EXAMPLE 2: Compute the overall mean and standard deviation of measles and chickenPox

   measlesAver = mean(measles(:));
   measlesSD = std(measles(:), 1);
   chickenPoxAver = mean(chickenPox(:));
   chickenPoxSD = std(chickenPox(:), 1);

Questions Answers
What is std? The MATLAB std function finds the standard deviation of a list of values.
How do I compute the standard deviation of a list of numbers by hand? See the handout on statistical indicators for the formula.
What does the 1 represent in the expression std(count(:), 1)? This is tricky. The second parameter of the std function specifies type of standard deviation to compute, not the dimension. The function call std(count(:)), which is equivalent to std(count(:), 0) or std(count(:), 0, 1), finds the unbiased estimator of the standard deviation of the column vector count.
What does std(count, 1, 1) represent? The function call std(count, 1, 1), which is equivalent to std(count, 1), finds the ordinary sample standard deviation of the columns of count.
What is the difference between std(count, 1, 1) and std(count, 0, 1)? Both versions compute a value for each column (as specified by the third parameter). However, std(count, 0, 1) computes the unbiased estimate of the popluation standard deviation, while std(count, 1, 1) computes the actual sample standard deviation. We'll talk about population estimates later in the course. For now, we'll stick to the ordinary standard deviation.
How would I compute the ordinary standard deviation of the rows? Use std(count, 1, 2) to compute the ordinary standard deviation of the rows of count.
What happens if I use std(count, 2, 1)?
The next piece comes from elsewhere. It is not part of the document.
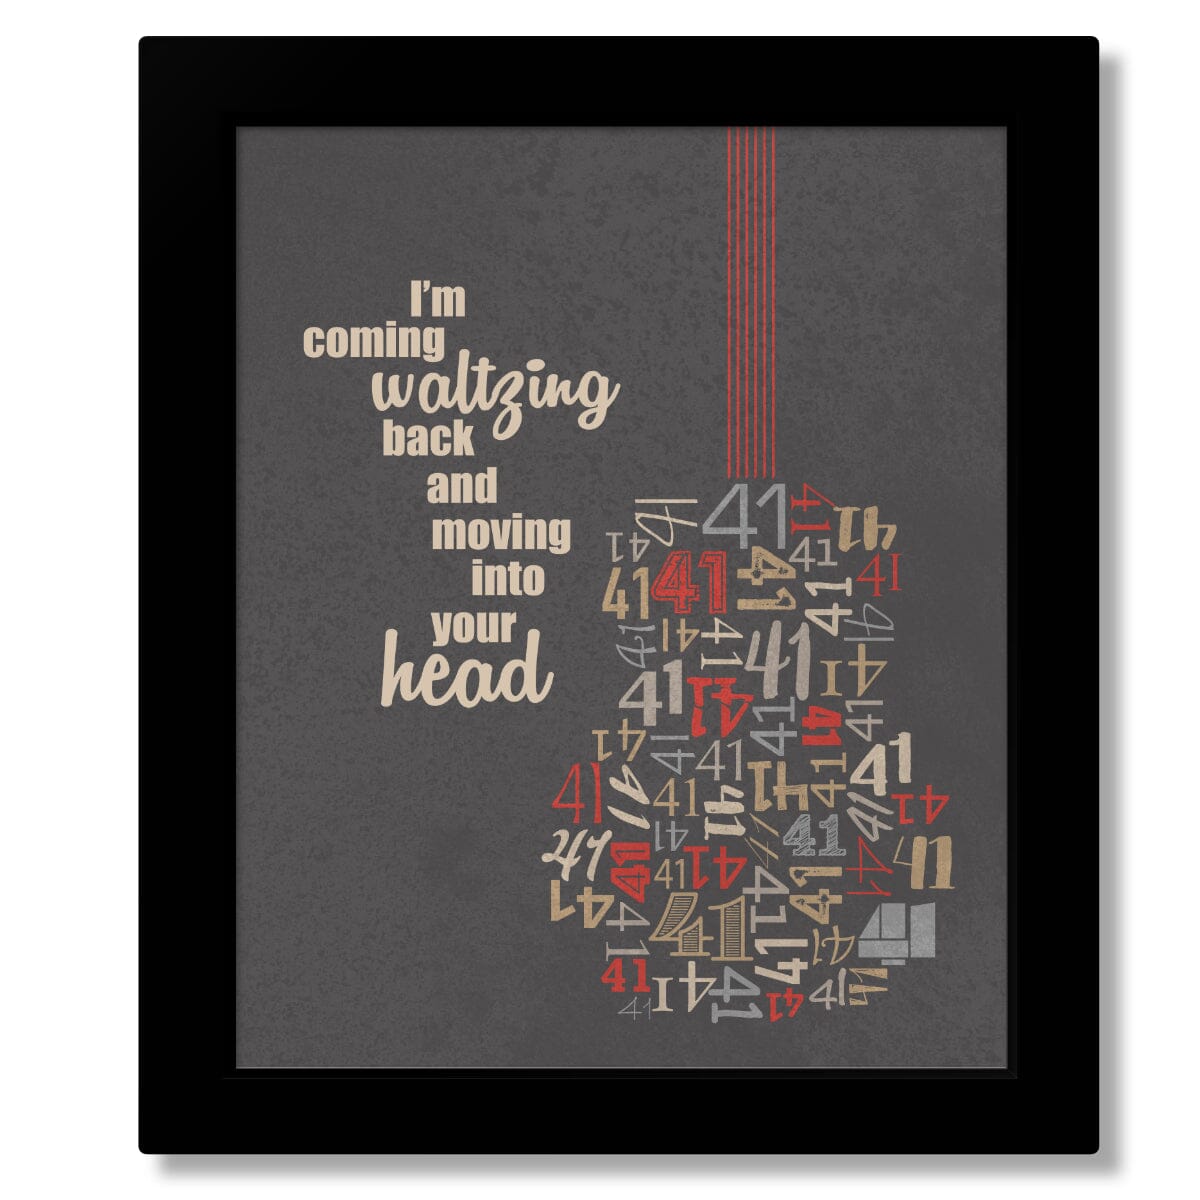 No 41 Number by Dave Matthews Band - Lyric Inspired Art Song Lyrics Art Song Lyrics Art 8x10 Framed Print (without mat)

The second argument of std must be either a 0 or 1. Other values give an error when the statement is executed.

EXAMPLE 3: Compare overall compare average and SD of monthly counts of measles and chicken pox

   hold on
   errorbar(1, measlesAver./1000, measlesSD./1000, 'rs');
   errorbar(2, chickenPoxAver./1000,chickenPoxSD./1000, 'ko');
   hold off
   ylabel('Cases (in thousands)')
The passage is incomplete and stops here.